There are two basic requirements for forming a work unit:

  • Workers in the work unit must perform similar tasks, meaning they have similar potential for exposure to hazardous chemicals.
  • Workers must use or be exposed to the same CHTH, indicating potential exposure to the same hazard.

The work unit definition will only apply to the routine entry of persons into the workplace. These are applicable to workers and in-house contract workers.

Routine work refers to regular, scheduled activities that occur consistently within the workplace. This includes tasks such as production, maintenance, laboratory work, and housekeeping. These activities are part of the day-to-day operations and are performed by workers and in-house contract workers.

Non-routine work, on the other hand, encompasses periodic but intensive tasks that do not occur on a regular schedule. Examples include periodic maintenance, repairs, delivery, administrative work, management tasks, safety inspections, and internal audits.

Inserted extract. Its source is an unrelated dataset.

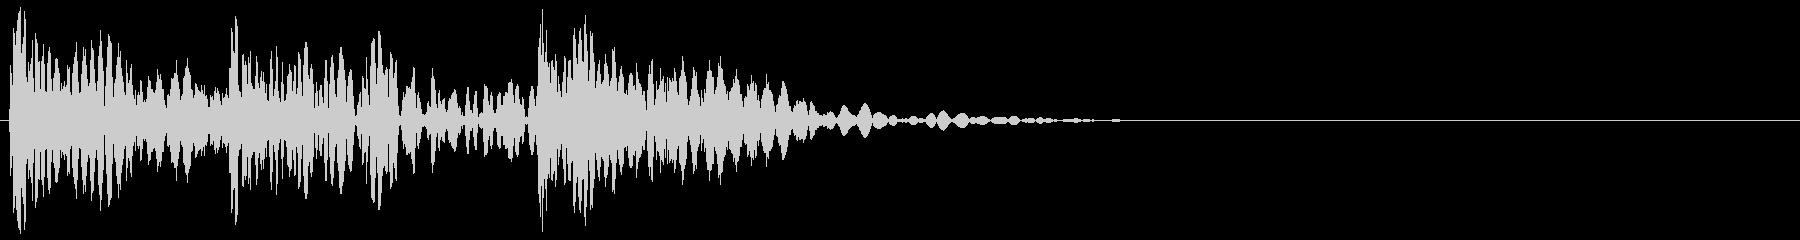 ボコボビビシッ(ラッシュ攻撃)の未再生の波形
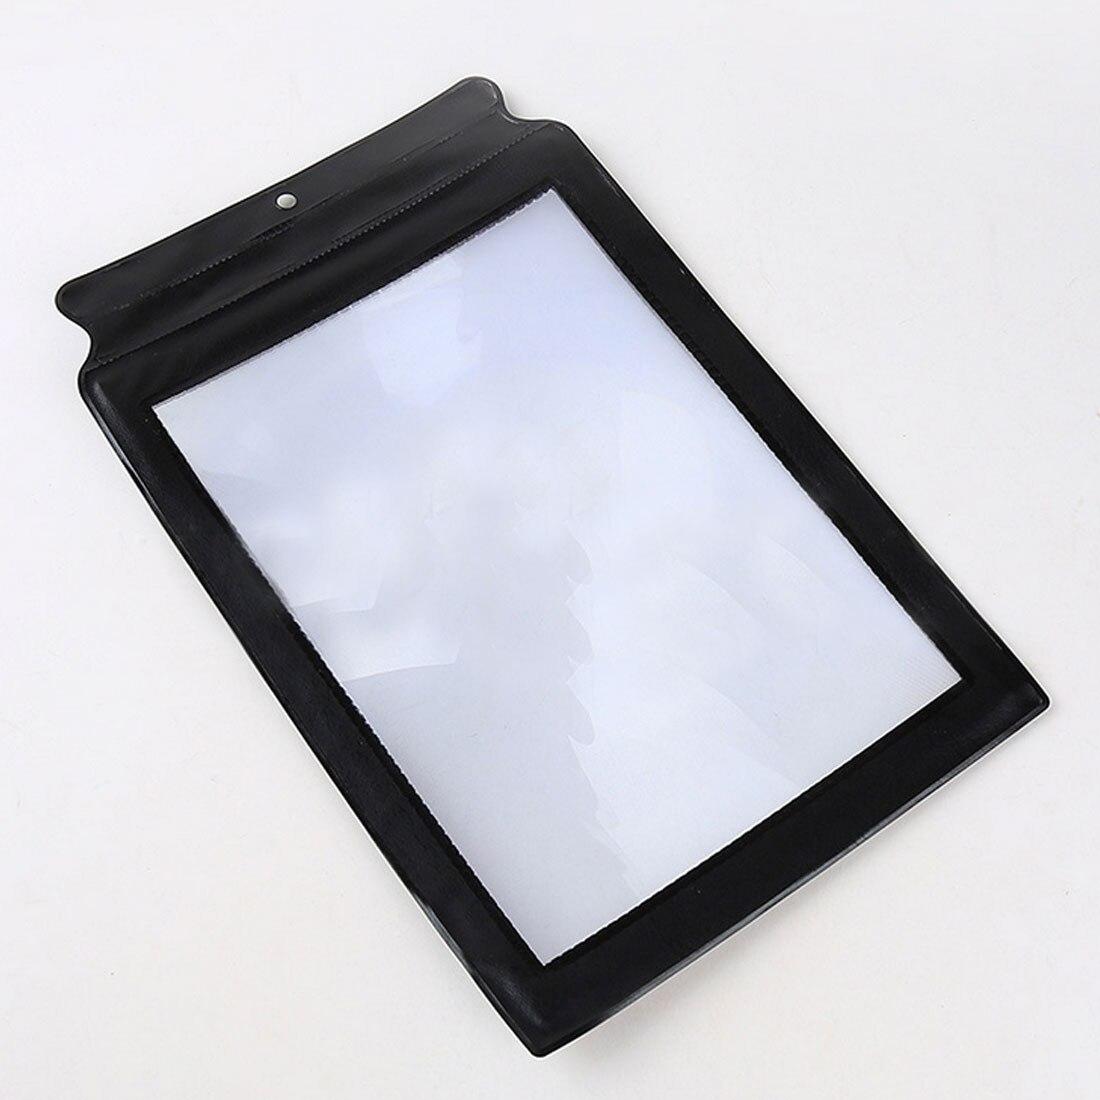 Увеличительное стекло для чтения, 3 x увеличительное стекло для чтения

Non-routine entries also cover sporadic visits by vendors, contractors, customers, external auditors, and inspectors. These activities are not part of the regular workflow and typically require special attention to safety measures.

An assessment is not required for non-routine entry and general control measures may be applied at the discretion of the employer.

As a general guide, where respiratory protection and eye protection is required for the workers in the work area, the visitor shall also wear respiratory and eye protection that affords a similar level of protection.

If direct skin contact is not expected, then the provision of skin protection is at the discretion of the employer.


References

  1. Occupational Safety and Health Act (OSHA) 1994.
  2. Occupational Safety and Health (Use and Standards of Exposure of Chemicals Hazardous to Health) Regulations, 2000.
  3. Occupational Safety and Health (Classification, Labelling and Safety Data Sheet of Hazardous Chemicals) Regulations, 2013.
  4. A Manual of Recommended Practice on Assessment of the Health Risks Arising from the Use of Chemicals Hazardous to Health at the Workplace, Third Edition 2018.